Most HIPAA recommendations seem to be a good idea to do anyway.
[1] http://www.hhs.gov/ocr/privacy/hipaa/faq/securityrule/2001.h...
I sent you an email, and I'd be happy to answer any of your questions or help you out (no charge). Down the line, if you decide you'd like to explore a security audit, we can help with that too.
For now, I'll answer your questions:
1. I wrote a basic checklist for startups looking to improve their security. You can find it here: http://breakingbits.net/2015/02/28/security-for-startups/. It's not comprehensive, but I tried to cover the most common issues I saw with startups. Ryan McGeehan also wrote a wonderful checklist for incident response after something does happen. They're two sides of the same coin - preparation and damage control. Check that out here: https://medium.com/@magoo/security-breach-101-b0f7897c027c. Your specific company will have more to do for each of these based on the context of your team, product and size.

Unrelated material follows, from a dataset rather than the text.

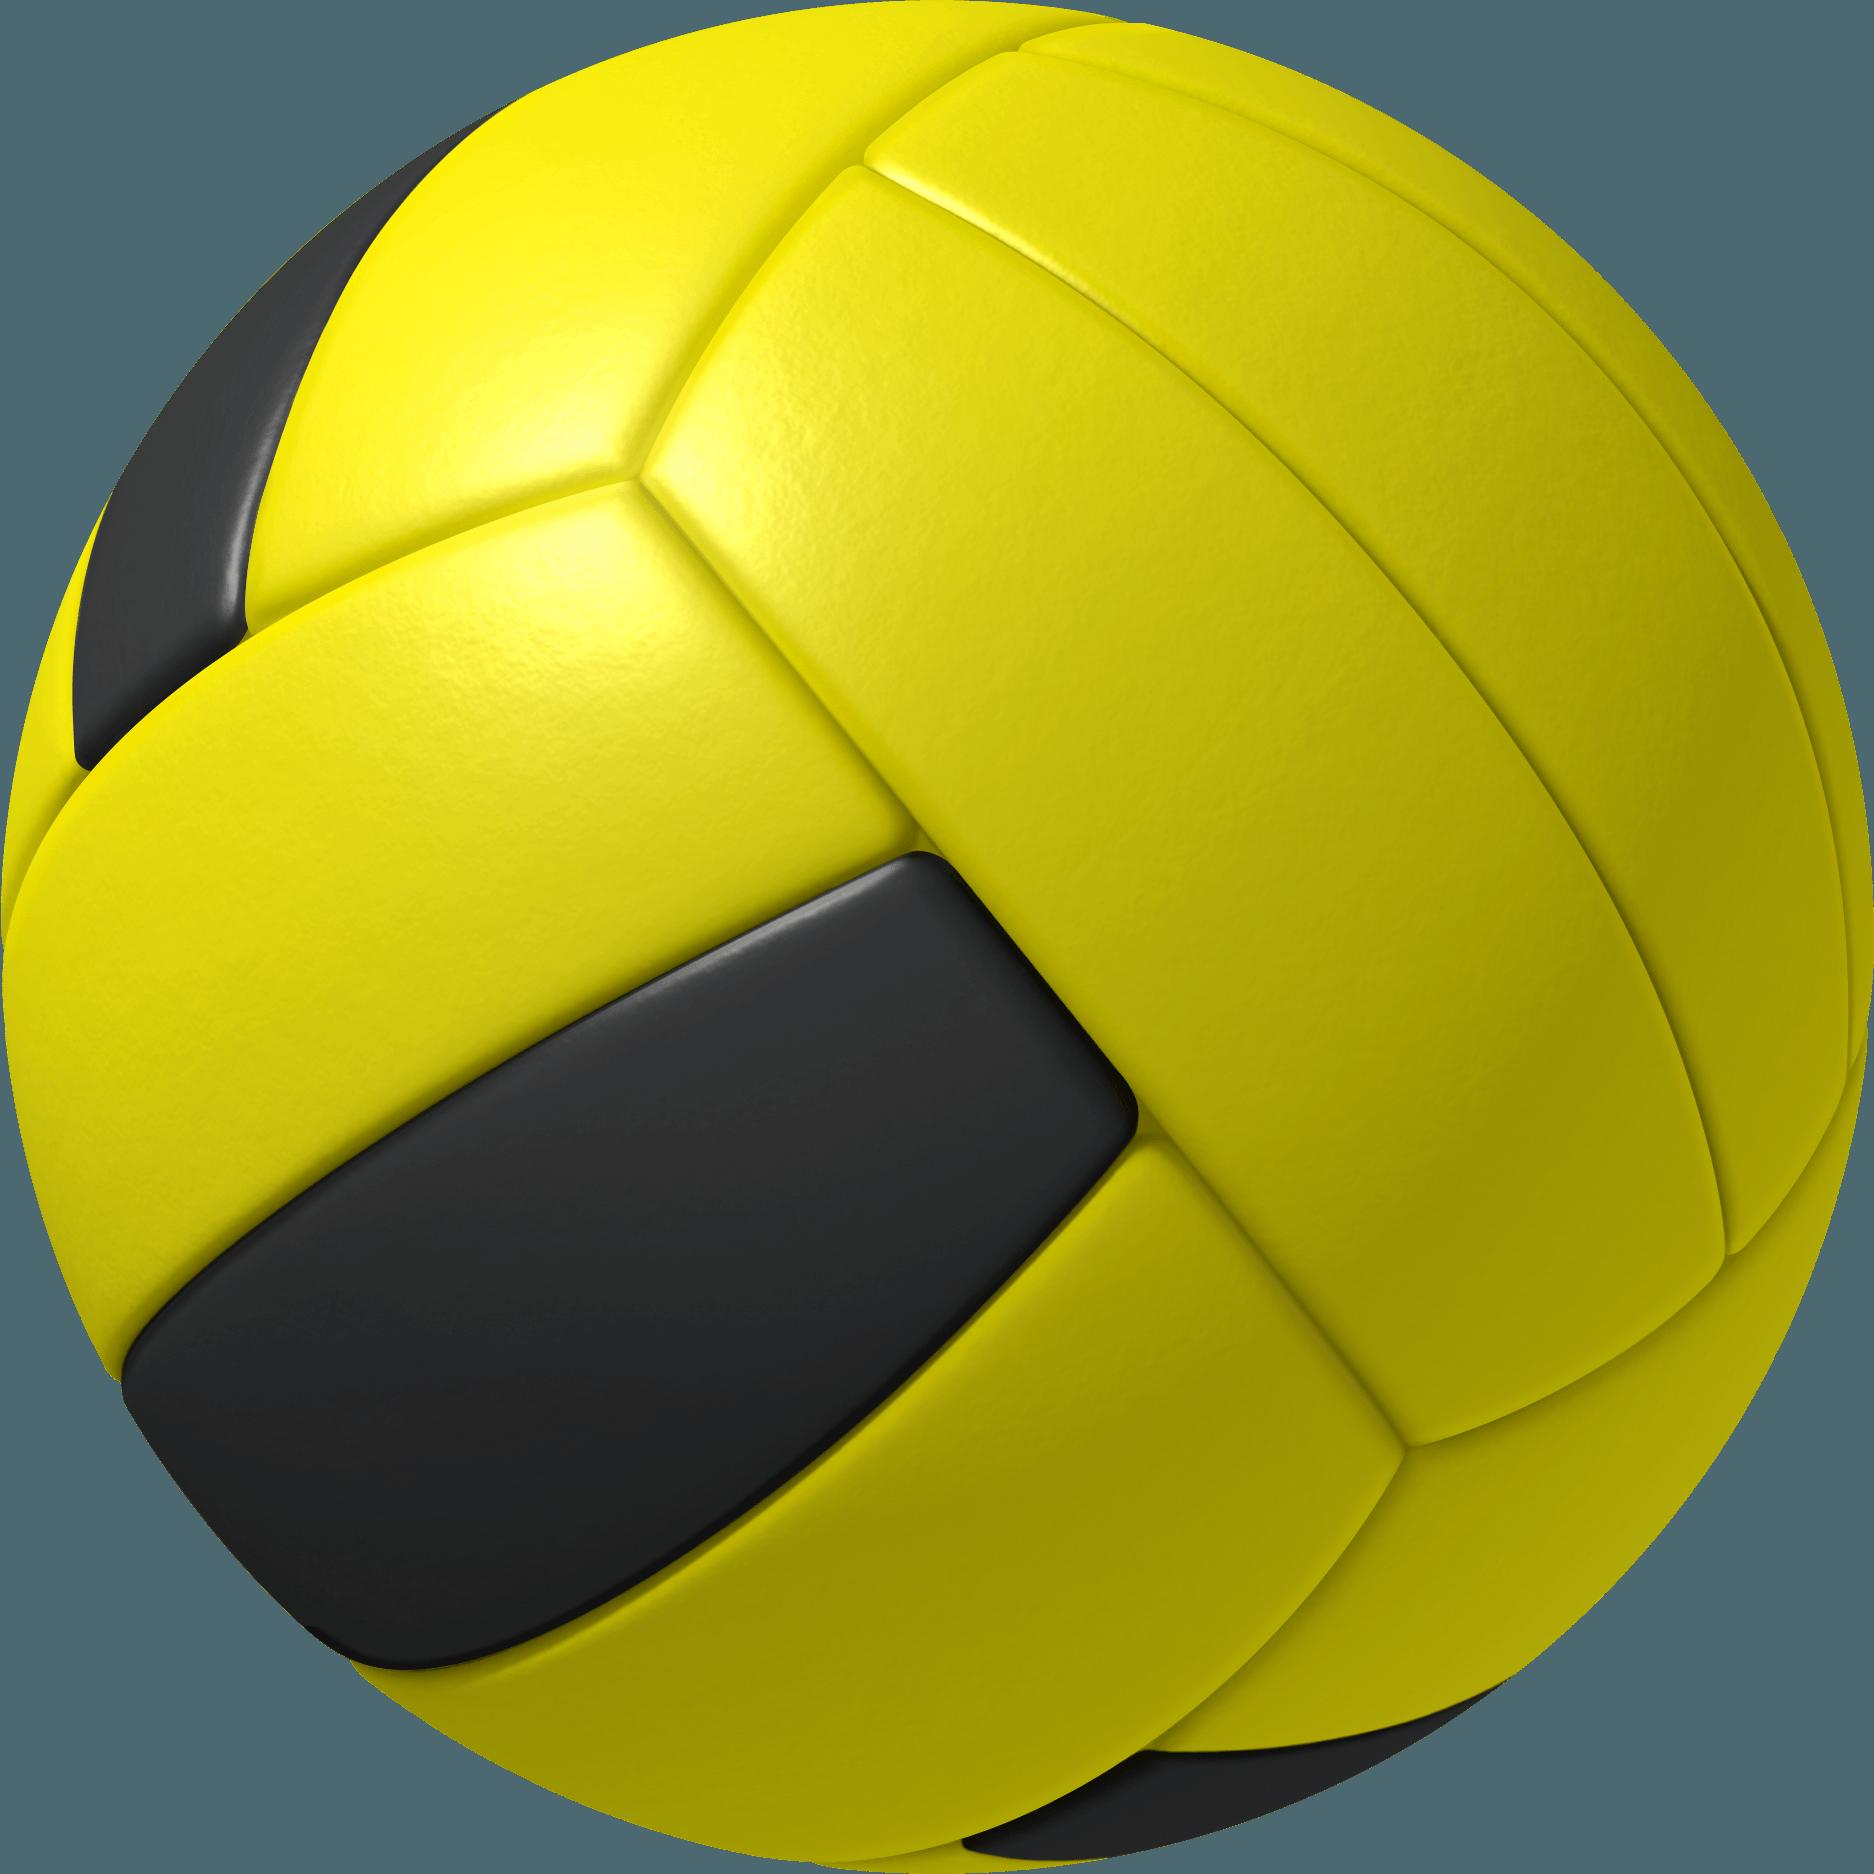 Mario Sports Mix (Wii) Artwork including Balls & Equipment ...

2. It's difficult to give a good estimate of cost, and I'm not trying to be a salesman here. It depends on length and scope of work. Are we doing code review or just blackbox testing? Five days or 10? The entire application attach surface or just a few critical pieces of functionality? Budget about $10,000 for a white label pen test lasting a week, but it could be more or less. I'm summoning 'tptacek here in the hopes he might have more nuance to contribute to this answer.

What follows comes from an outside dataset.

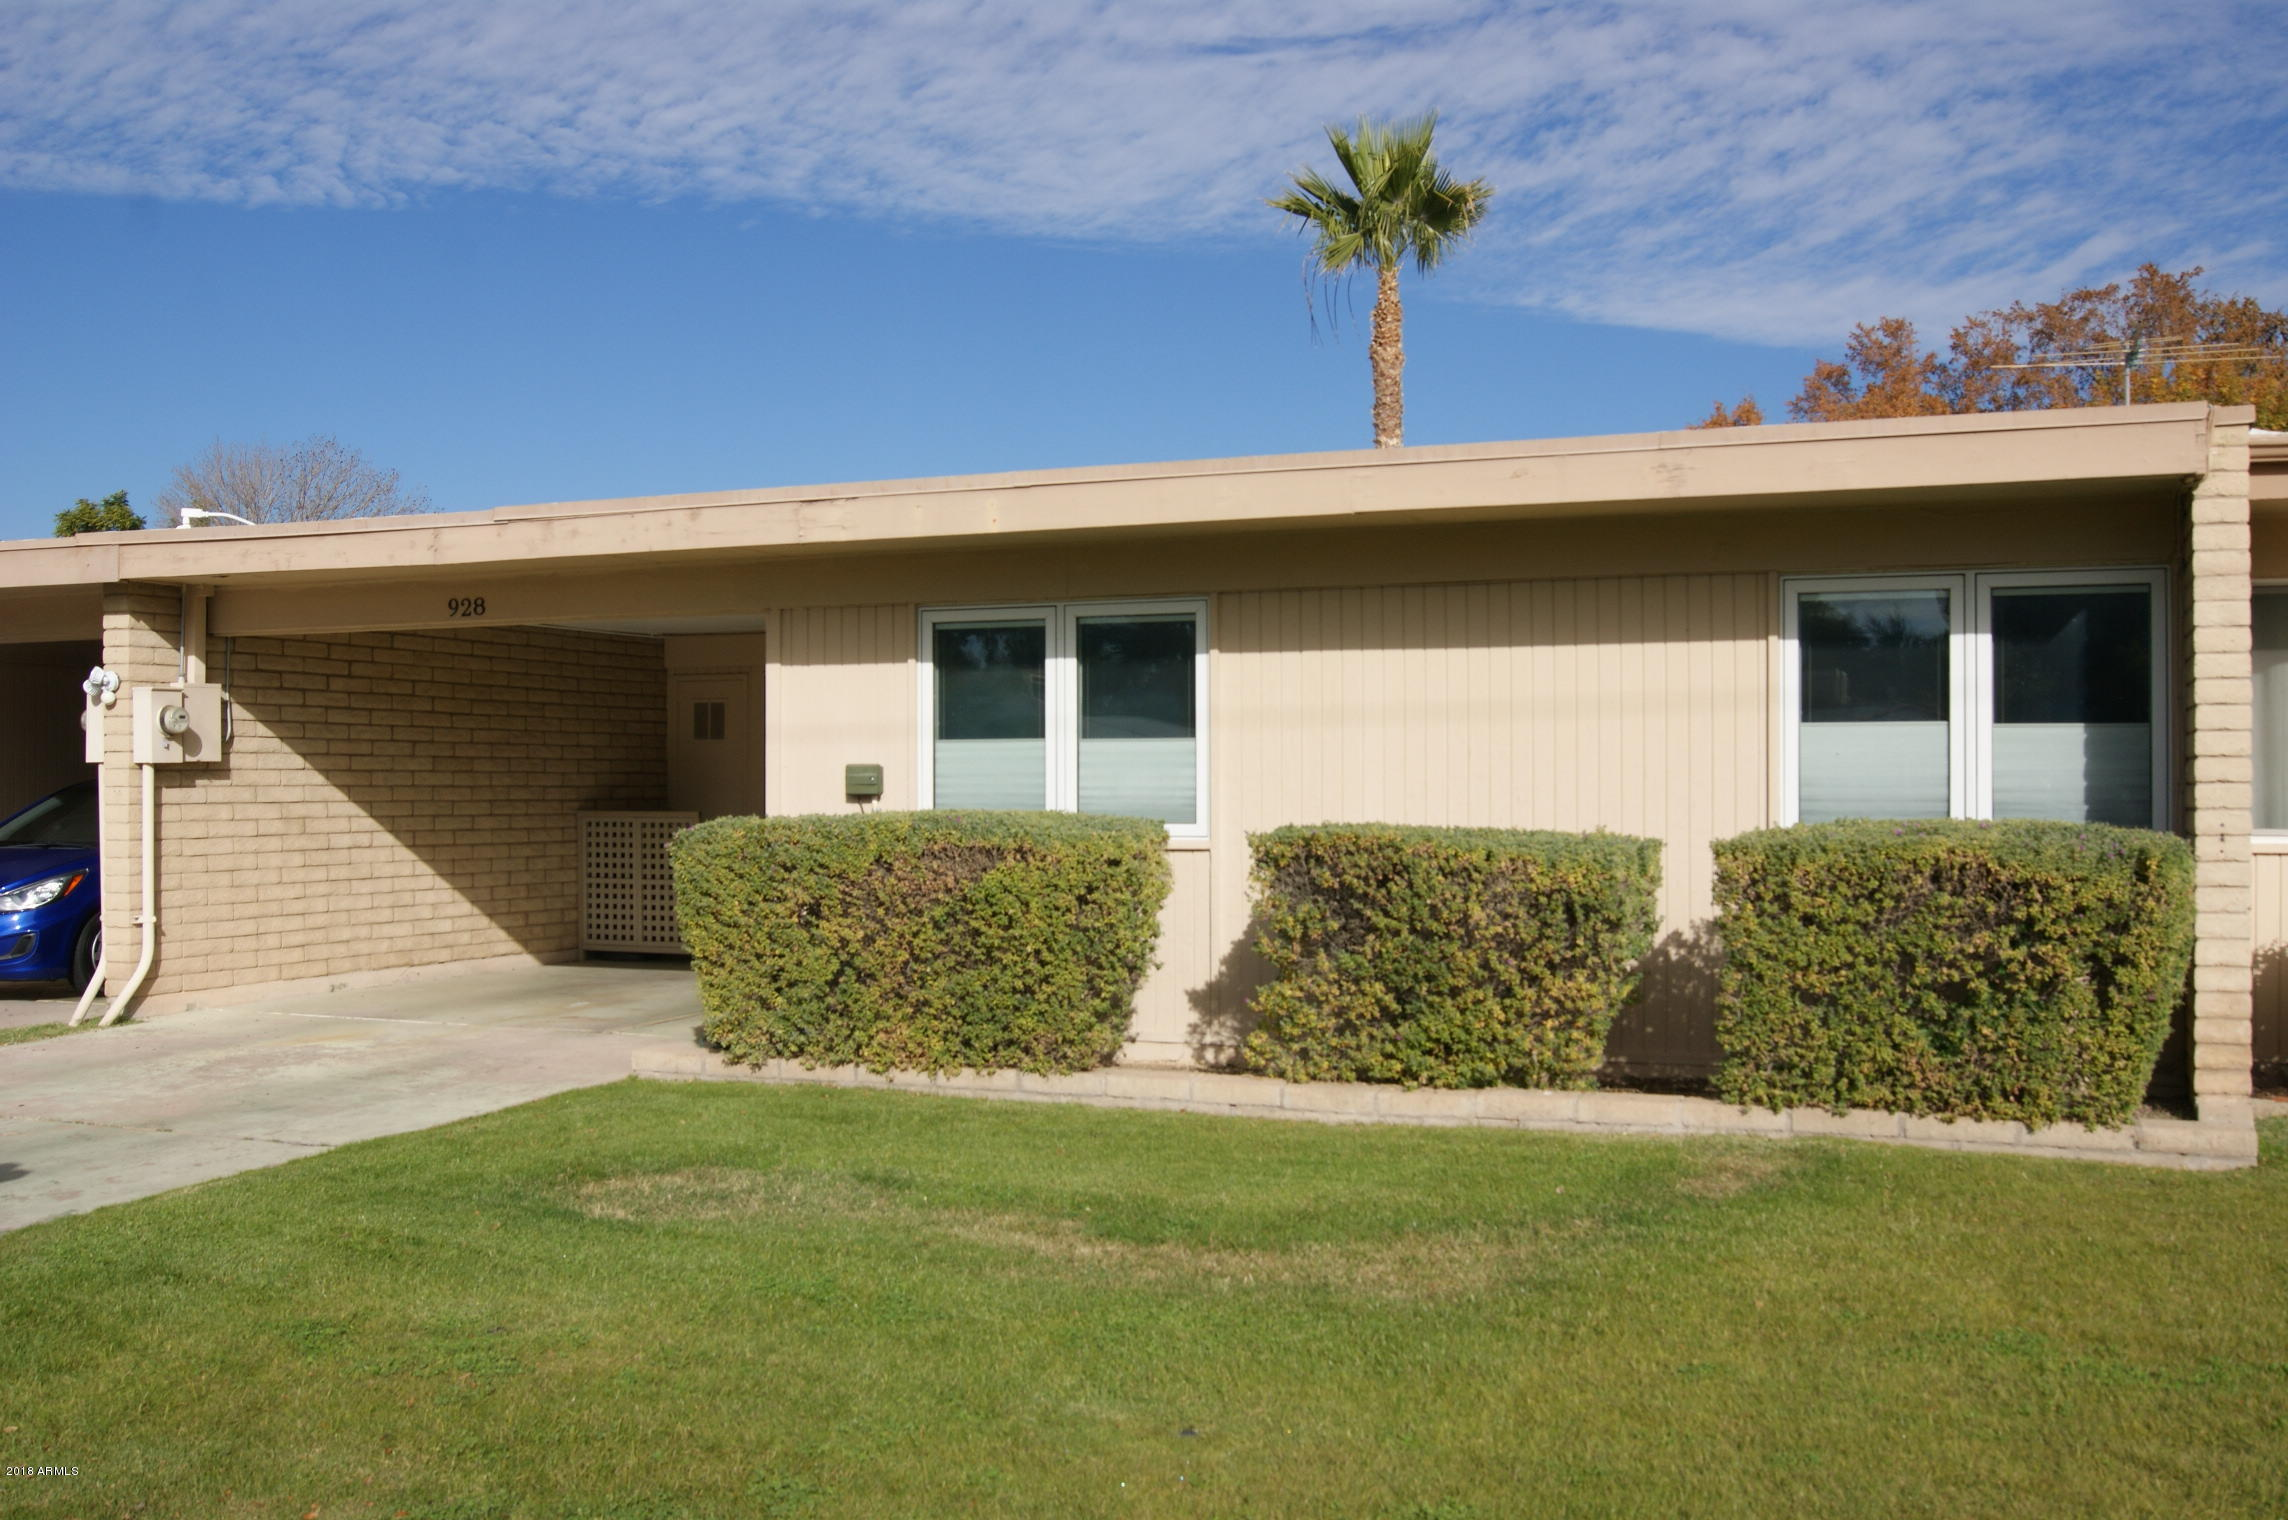 Photo of 928 E MISSOURI Avenue, Phoenix, AZ 85014

3. How and when to begin a bug bounty program is similarly variable. I have a lot of experience working with Series A companies, and bug bounties are a personal specialty of mine (I have research directly on the subject). In my opinion, you should not have bug bounties until you have at least one full time security engineer. You don't want to pay out a bounty for someone reporting that your cookies lack an HttpOnly flag. On the other hand, server-side request forgery usually warrants a payment. If you have developers who could tell you the difference in those two in terms of both definition and severity without looking it up, you're okay to have a bug bounty. If not, don't pay people for their reports just yet. (This is personal philosophy from my experience - many people will have different opinions).
On the other hand, always have a responsible disclosure program. It is perfectly okay to not reward people for reporting security vulnerabilities. I'll repeat this: it is perfectly reasonable to not give out payments for reports. Don't let financial rewards enter the program until you have reached a certain level of internal security maturity.
And no, there is no standard way to determine severity and payments. Google and Facebook pay a lot for bugs that some companies wouldn't even accept. It totally depends. That said, as a general guideline, if a reported bug 1. is valid, 2. compromises users, it's worth something.
Like I said, I sent you an email. Let me know if you have any questions, I'd be happy to help you with anything you need to know.